### Provided material
============================================================

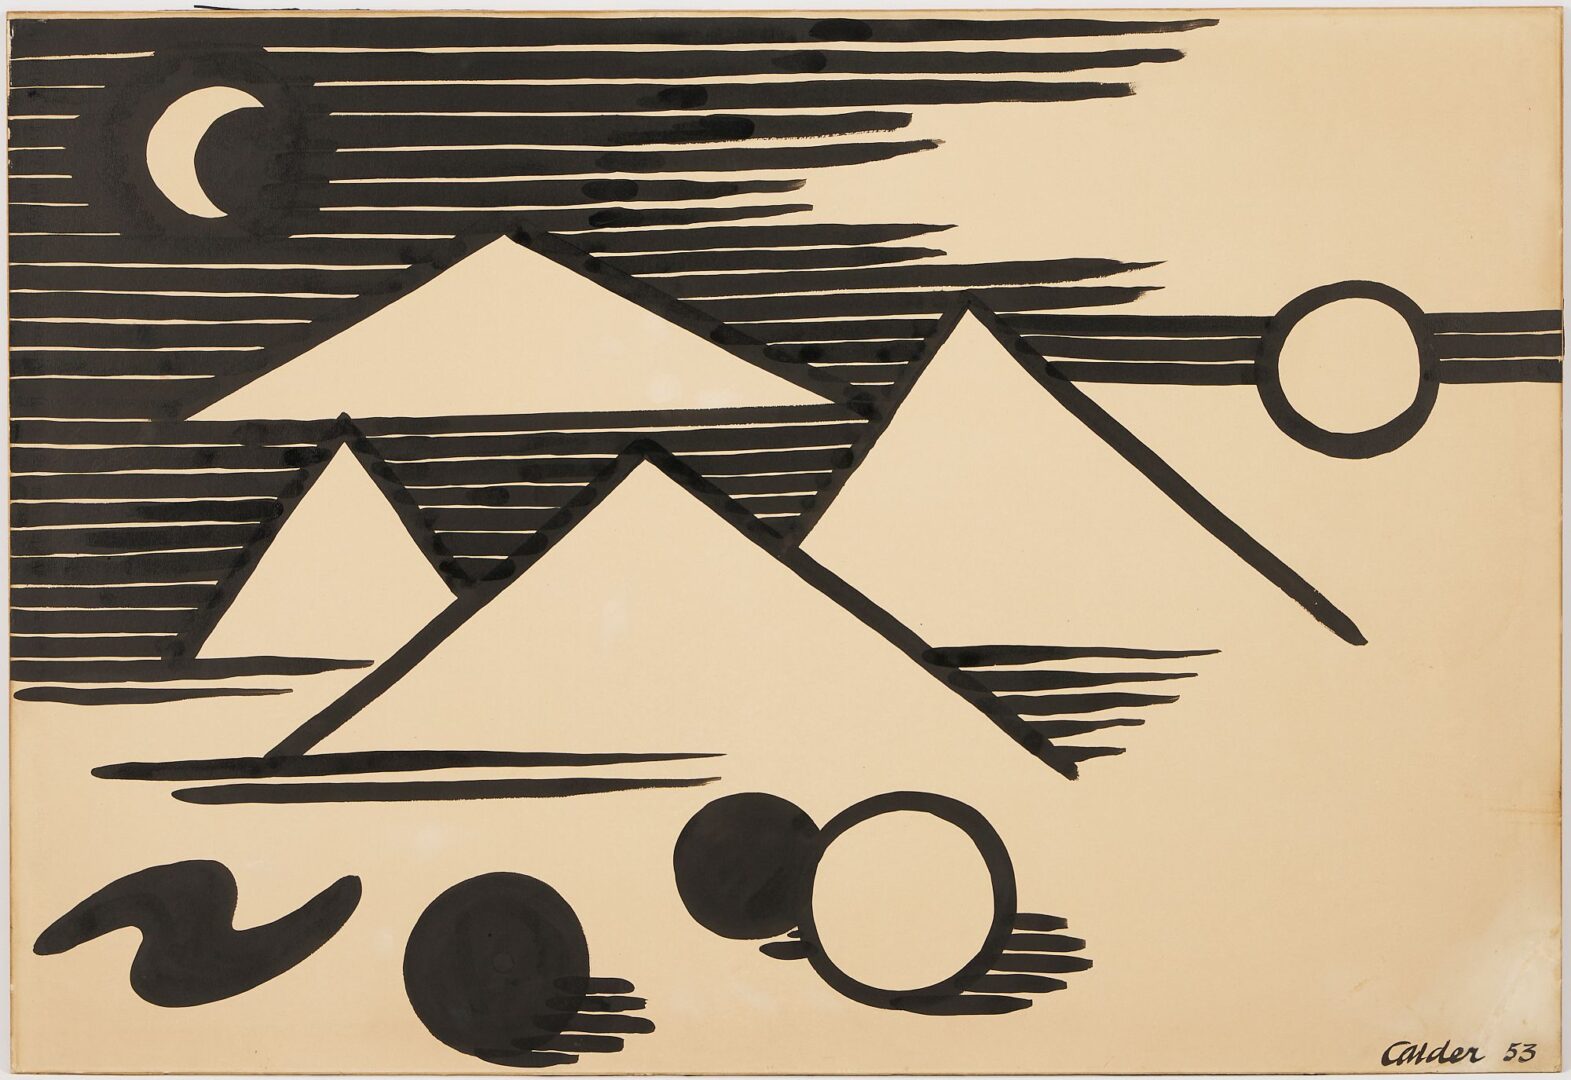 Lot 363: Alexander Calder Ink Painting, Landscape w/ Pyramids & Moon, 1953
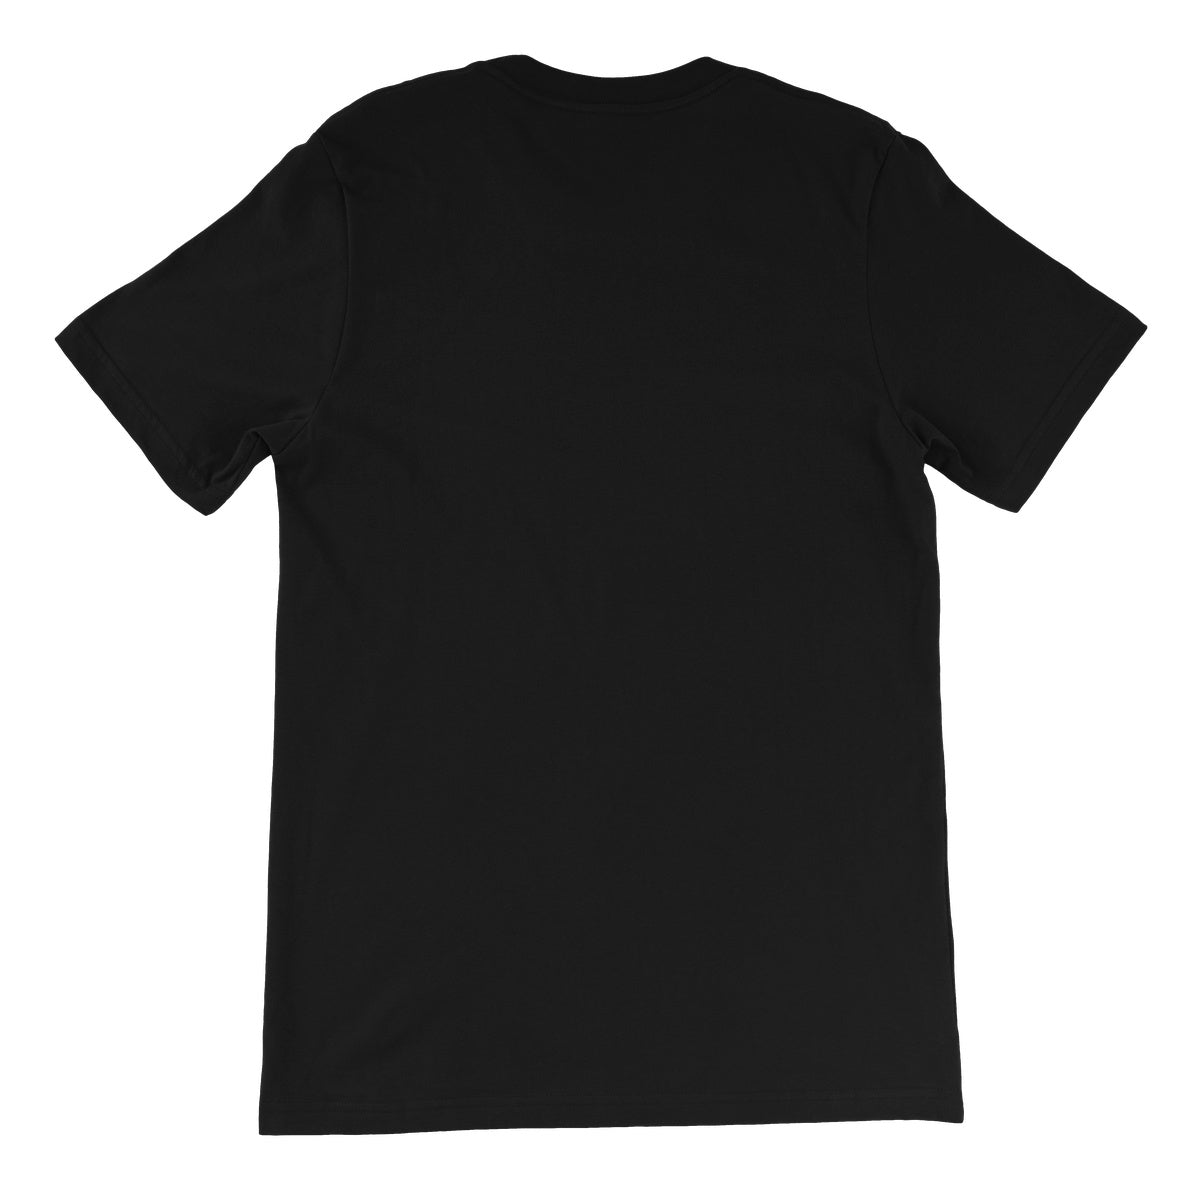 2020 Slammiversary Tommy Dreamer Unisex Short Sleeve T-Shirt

============================================================

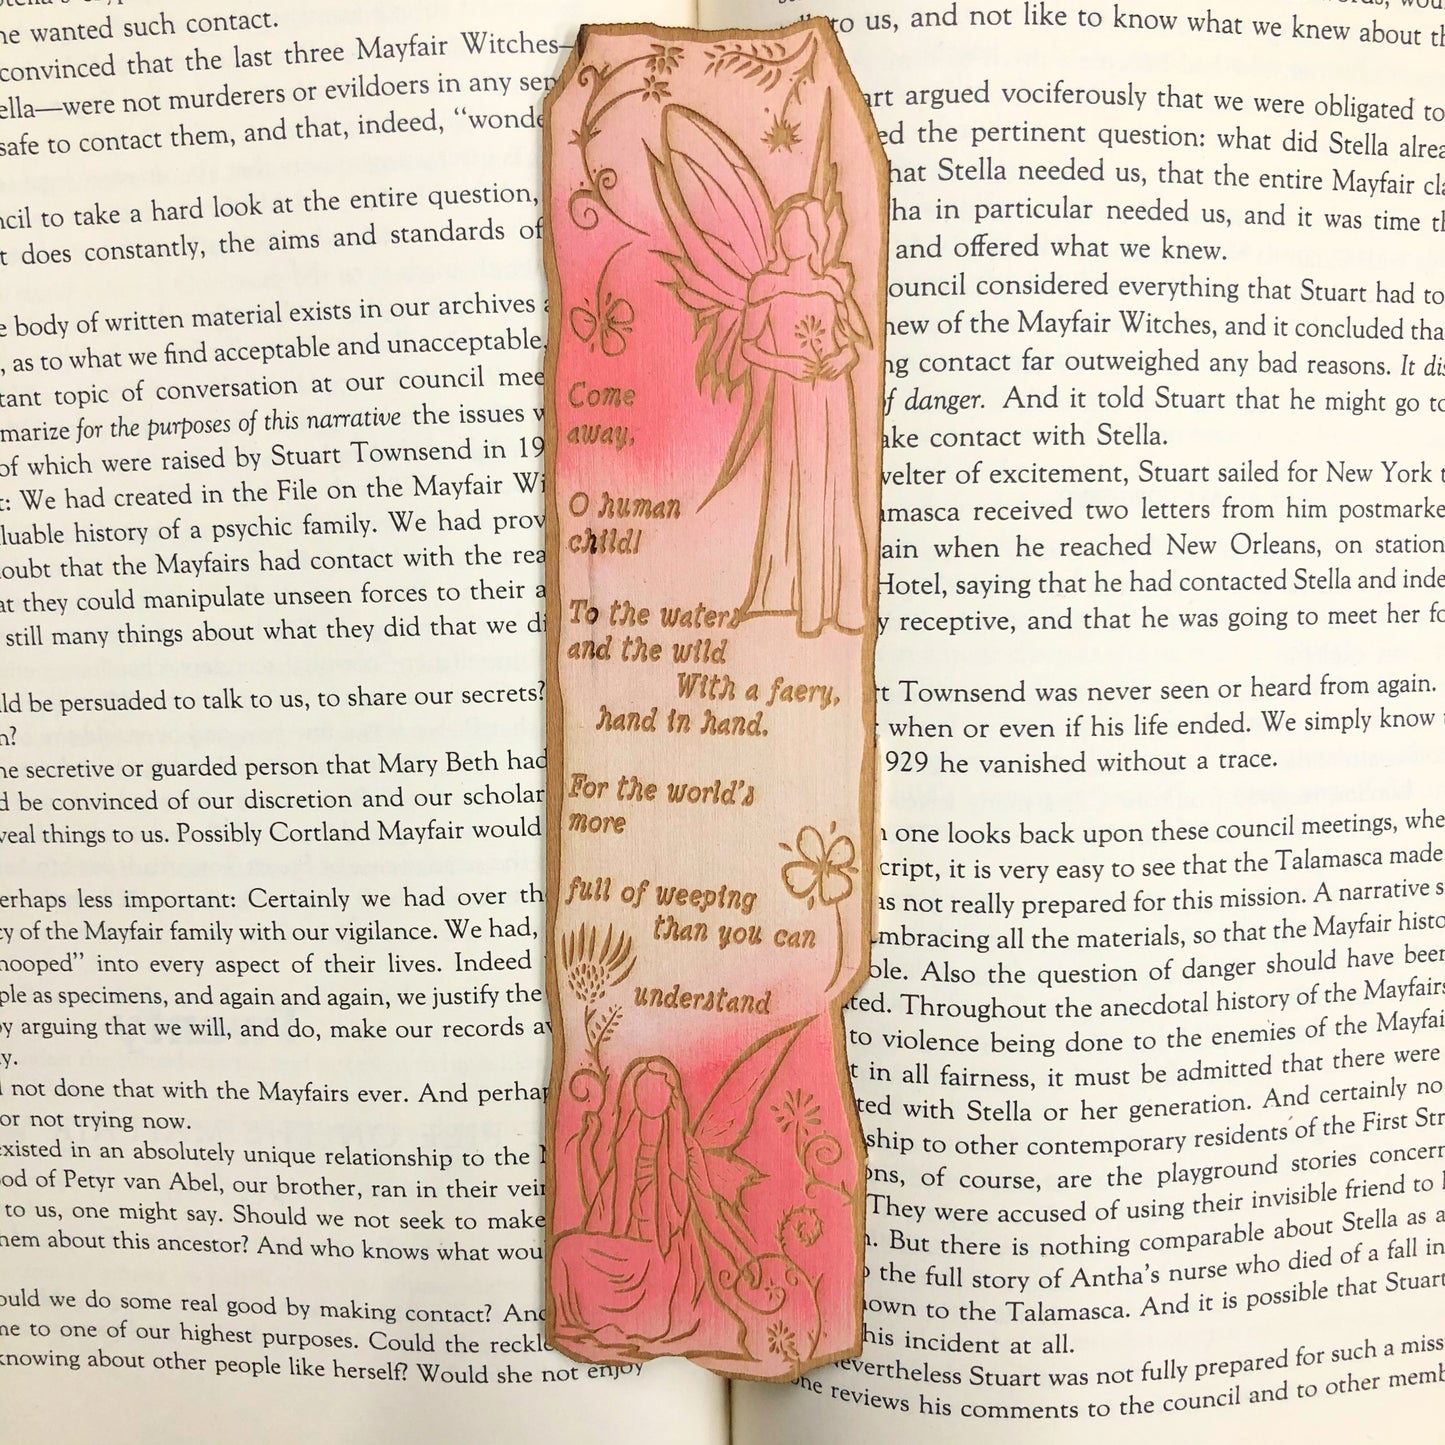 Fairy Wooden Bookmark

============================================================

### The task
For this exercise, reproduce exactly the lines of the records above from the one with "Lot 363: Alexander" up to and including the one with "2020 Slammiversary Tommy", without pictures.

### Written solution
 Lot 363: Alexander Calder Ink Painting, Landscape w/ Pyramids & Moon, 1953
 2020 Slammiversary Tommy Dreamer Unisex Short Sleeve T-Shirt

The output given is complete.